2017 was my first year attending DIA. Having attended many medical technology tradeshows in the past I was excited to see what DIA 2017 had in store.

I kicked off Monday morning by attending ‘The Future of Patient Engagement: Measuring What Matters’ session, part of DIA’s 2017 Patient Engagement Track. As a Market Analyst for MRN I’m particularly interested in understanding what is meant by the frequently used term ‘Patient-centricity’. The discussion focused on how the drug development process from compound discovery to approval can consider the needs of the patient at each step.

I found it insightful and moving to listen to the discussion between patient, industry and regulatory experts as they discussed the requirements and practicalities of providing a patient focused drug development pathway. Whilst the content of the discussion was undeniably about ‘patient-centricity’ I felt it focused on how drug development could be more patient-centric, rather than how the clinical trial design should adapt and provide flexibility and ease for the patient. According to TUFTS Center for the Study of Drug Development, the mean clinical development time from Phase 1 through Phase 3 to FDA approval is 8.4 years1. This is a considerable investment of time for a patient and ensuring that a clinical trial can be incorporated into a patient’s life without causing significant disruption by pharmaceutical sponsors and CROs showing an understanding that a patient has a life, family and work is vital for ‘patient-centricity’.

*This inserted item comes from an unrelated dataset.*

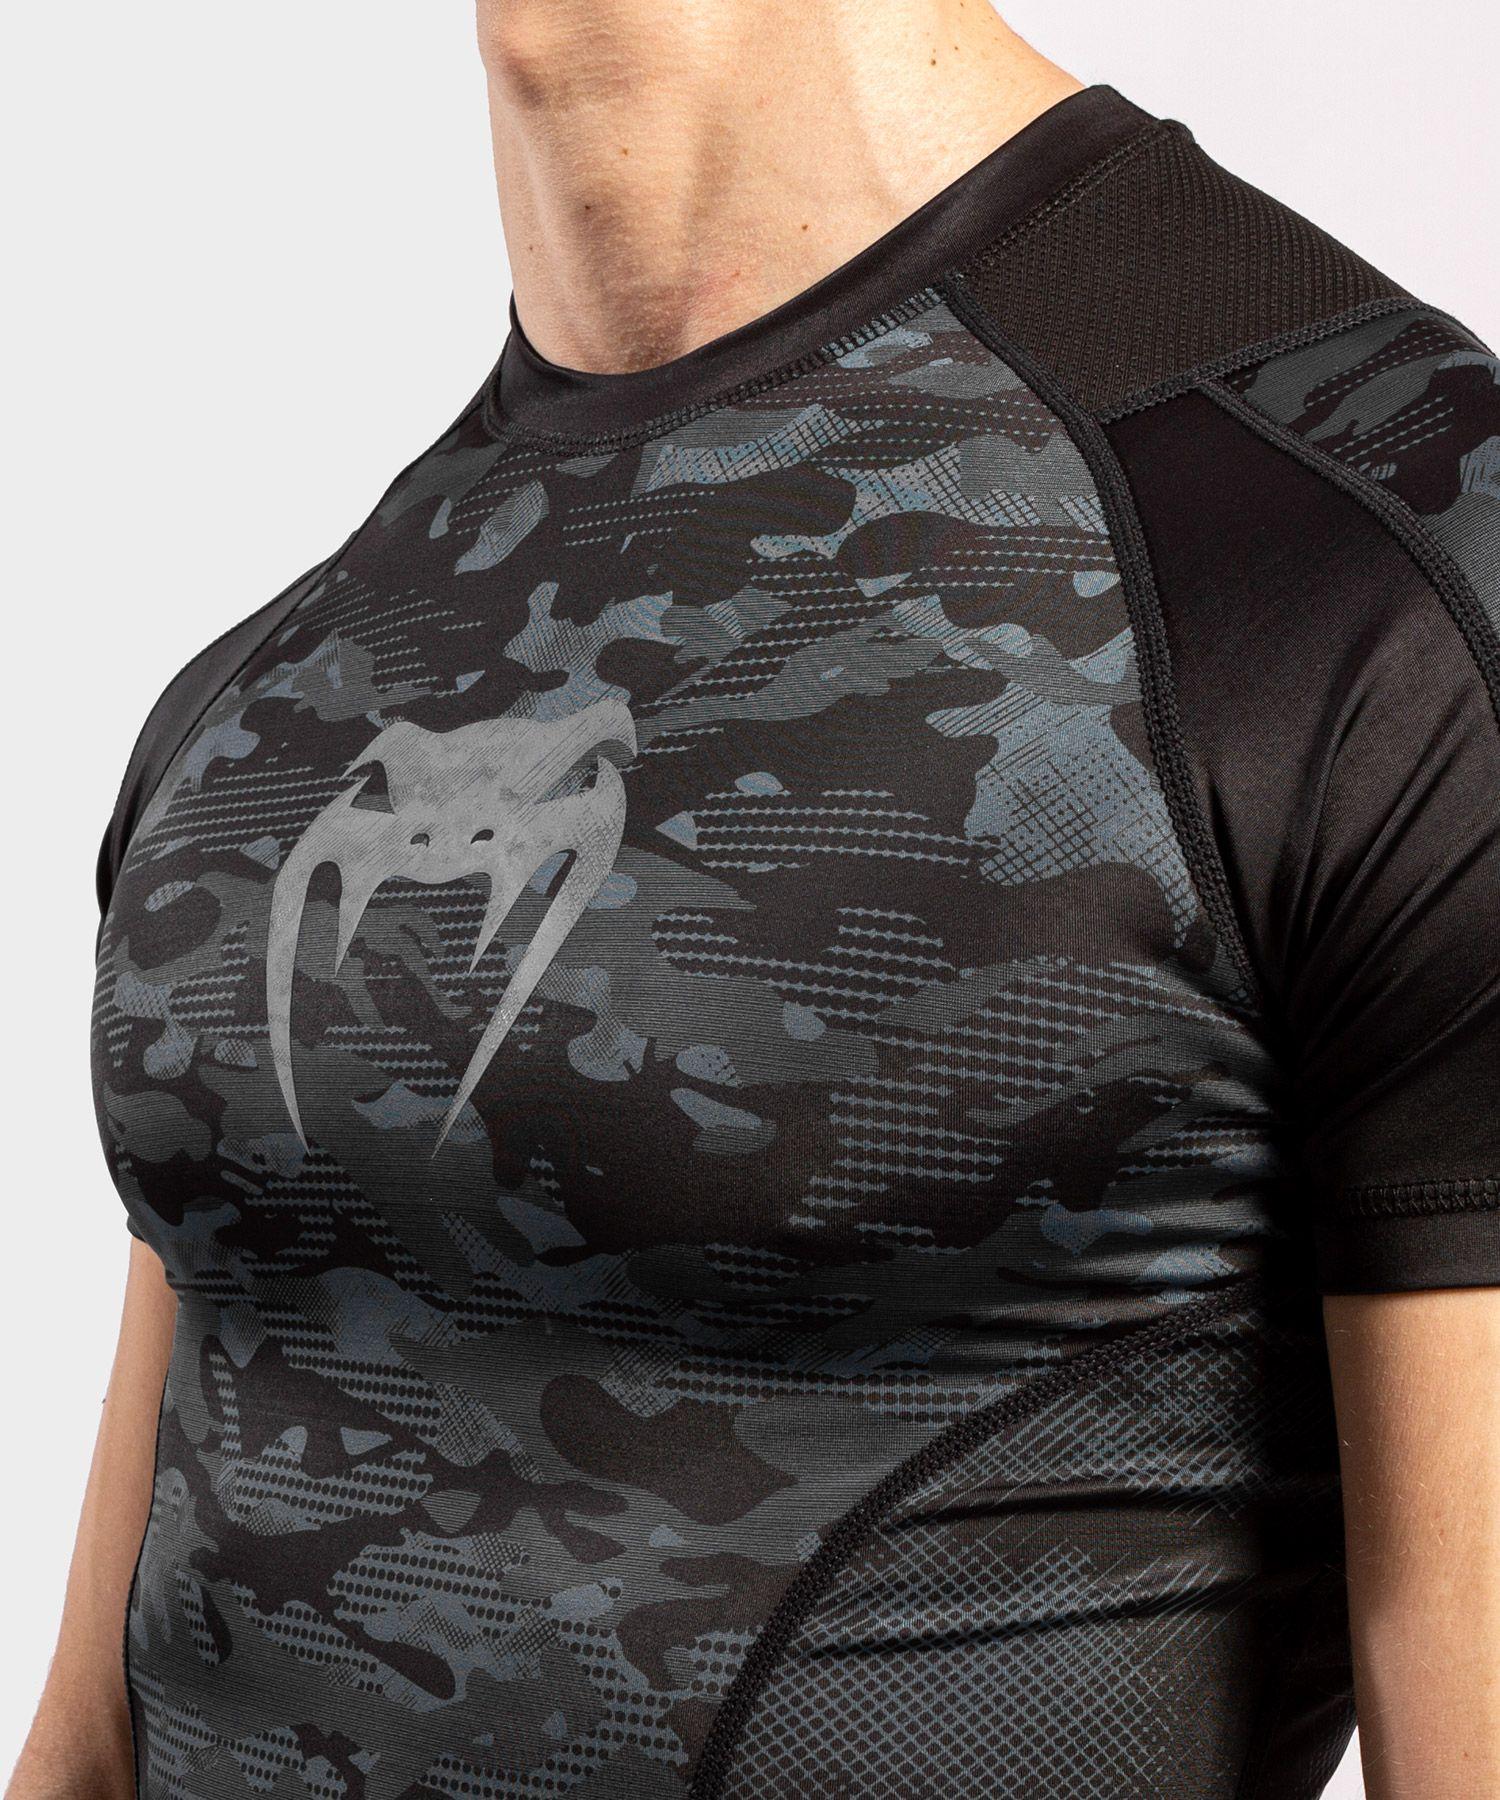 Venum Defender Short Sleeve Rashguard - Dark camo

With all stakeholders searching for the holy grail of shortening study duration and getting new drugs to market faster the exhibition floor was buzzing with innovations from both multinational organizations and start-ups focused on streamlining aspects of the clinical trial process, such as; patient recruitment solutions, informed consent technologies, electronic clinical outcome assessments (eCOA), electronic patient reported outcomes (ePRO) and patient retention support to name but a few.

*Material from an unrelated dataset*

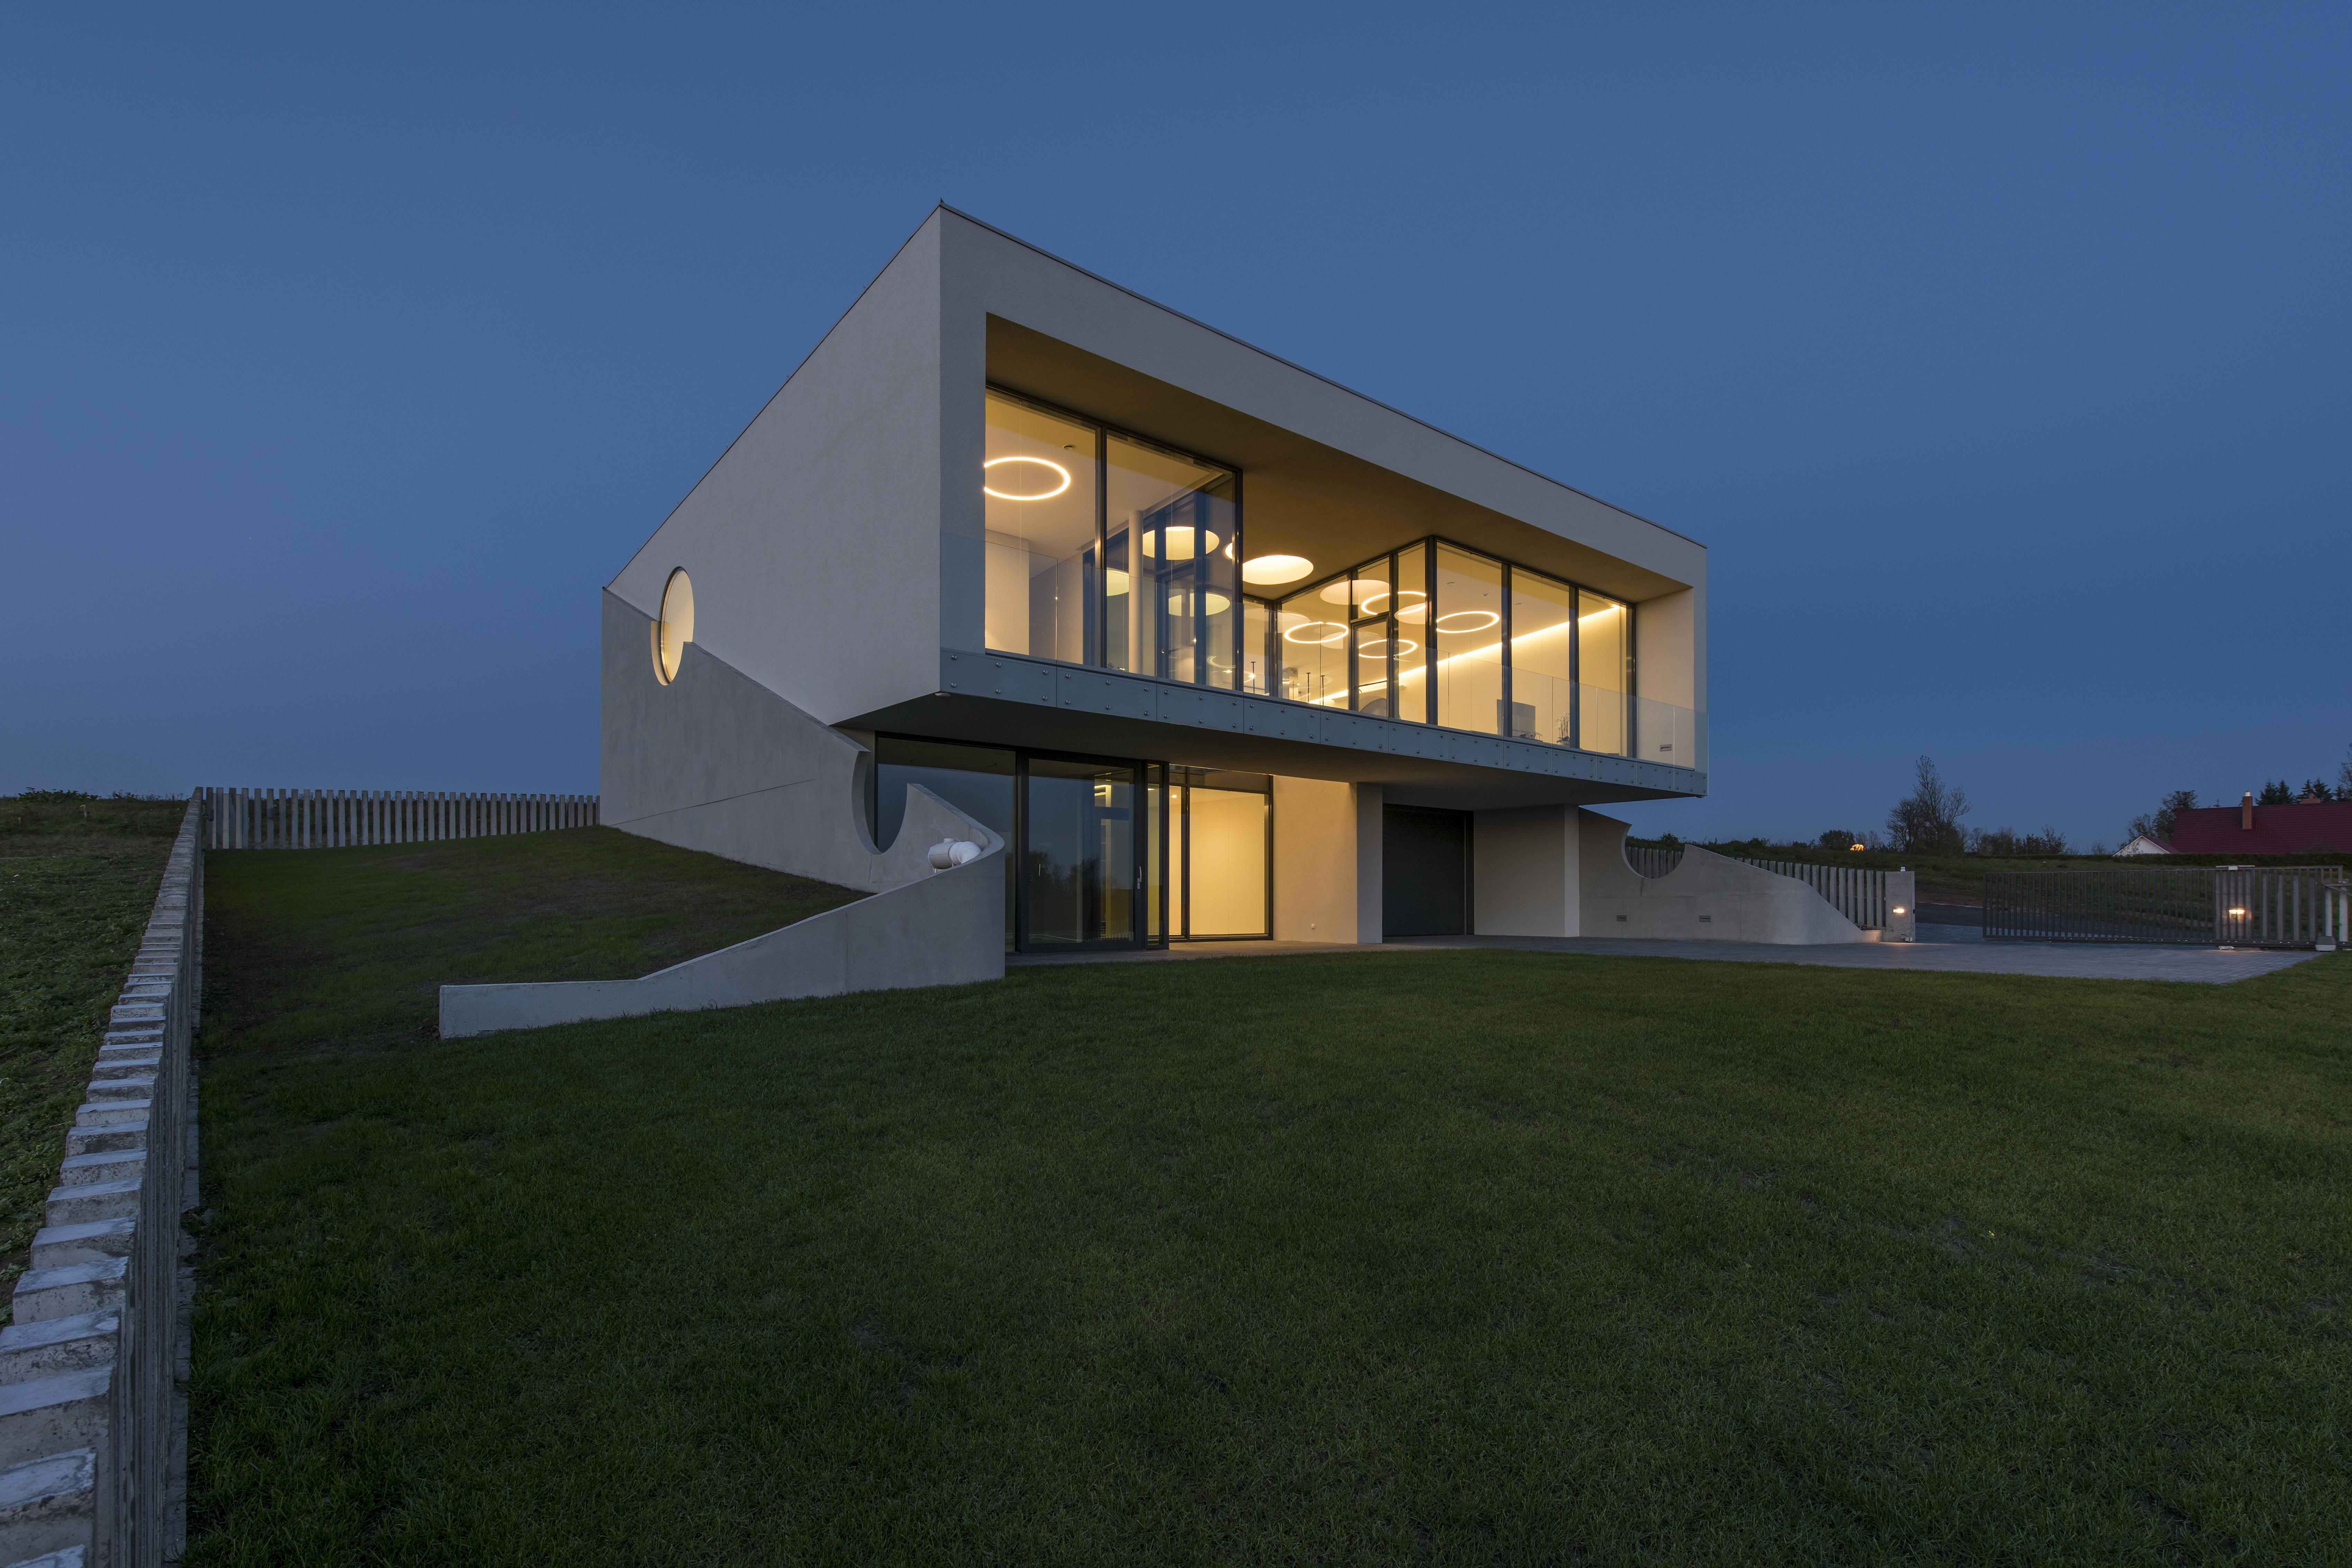 midos windows house

Starting at the beginning of the clinical trial process, patient recruitment was a key focus of many of the innovations on offer. As a recent Q&A in Applied Clinical Trials with Jeremy Sohn, VP, Global Head of Digital Business Development & Licensing at Novartis stated, ‘patient centricity is not about clinical trial recruitment2. This sentiment is important to remember as we consider the wave of patient recruitment solutions that are entering the market and the impact they will have.

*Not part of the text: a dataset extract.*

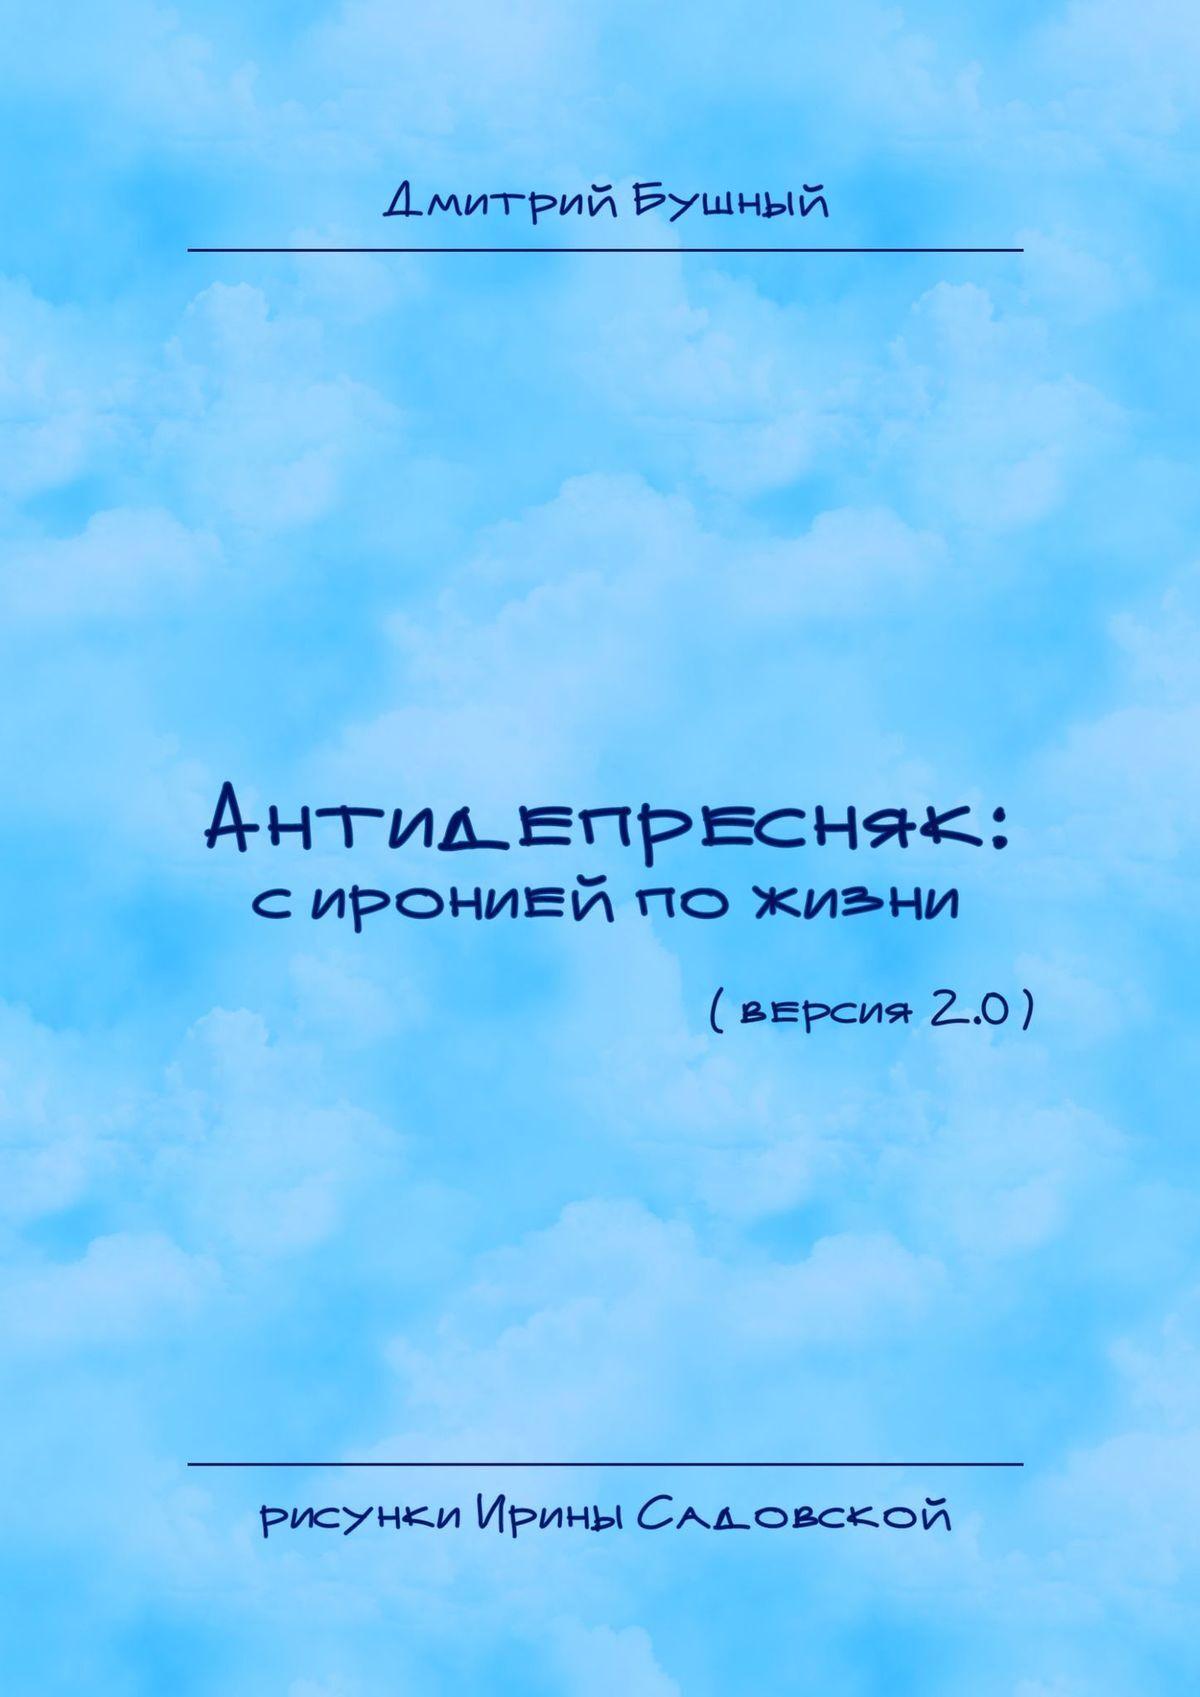 Дмитрий Бушный Антидепресняк: с иронией по жизни. (Версия 2.0) fallout 4 far harbor дополнение [pc цифровая версия] цифровая версия

With increasingly strict inclusion and exclusion criteria simply finding patients to participate in clinical trials is obviously a challenge. Although there is variance in the final offering, companies such as IBM Watson Health, Elligo Health Research and ePatient Finder all exhibited patient recruitment solutions that utilise patient Electronic Medical Records (EMR) to identify potential patients for clinical trials. The use of big data analytics or artificial intelligence to quickly and effectively review structured and unstructured data allows patients to be identified quickly but is confined to the information hospitals already hold.

To provide true ‘patient-centricity’ how do we then make the identified patients want to be involved in clinical trials? Following identification, comes informed consent which can be stressful and confusing for patients as they try and understand the vast and detailed information about the study they are about to undertake. Patients are often reliant on their physician to decipher and explain the information requiring visits to the hospital which adds additional burden to the trial.

On Tuesday morning, I attended the session ‘Sharing the Burden’. I found this session one of the most thought provoking of the conference. In a world where electronic, mobile and wearable devices are credited with being the next frontier for the pharmaceutical and healthcare sectors, this session spoke honestly about the challenges faced by all stakeholders as these technologies enter the market. Paul O’Donohoe, Director of Health Outcomes at CRF Health spoke about how, when implemented correctly, the use of eCOA can reduce the cognitive burden of clinical trials for both patients and sites. In addition to this Deborah Collyer, a leader in healthcare advocacy presented the patient voice and spoke to how all of these innovations need to work for the patient. CRF Health were also exhibiting at the show, showcasing (amongst other things) an eConsent system - TrialConsent. The ‘TrialConsent platform promotes understanding with tiered information delivery3, enabling patients to review all informed consent information in a user-friendly application. Amongst others, Quorum were also exhibiting their eConsent system QConsent, an IRB-integrated cloud-based consenting solution which engages clinical trial participants4.These types of system further help patients understand and engage in the clinical trial process.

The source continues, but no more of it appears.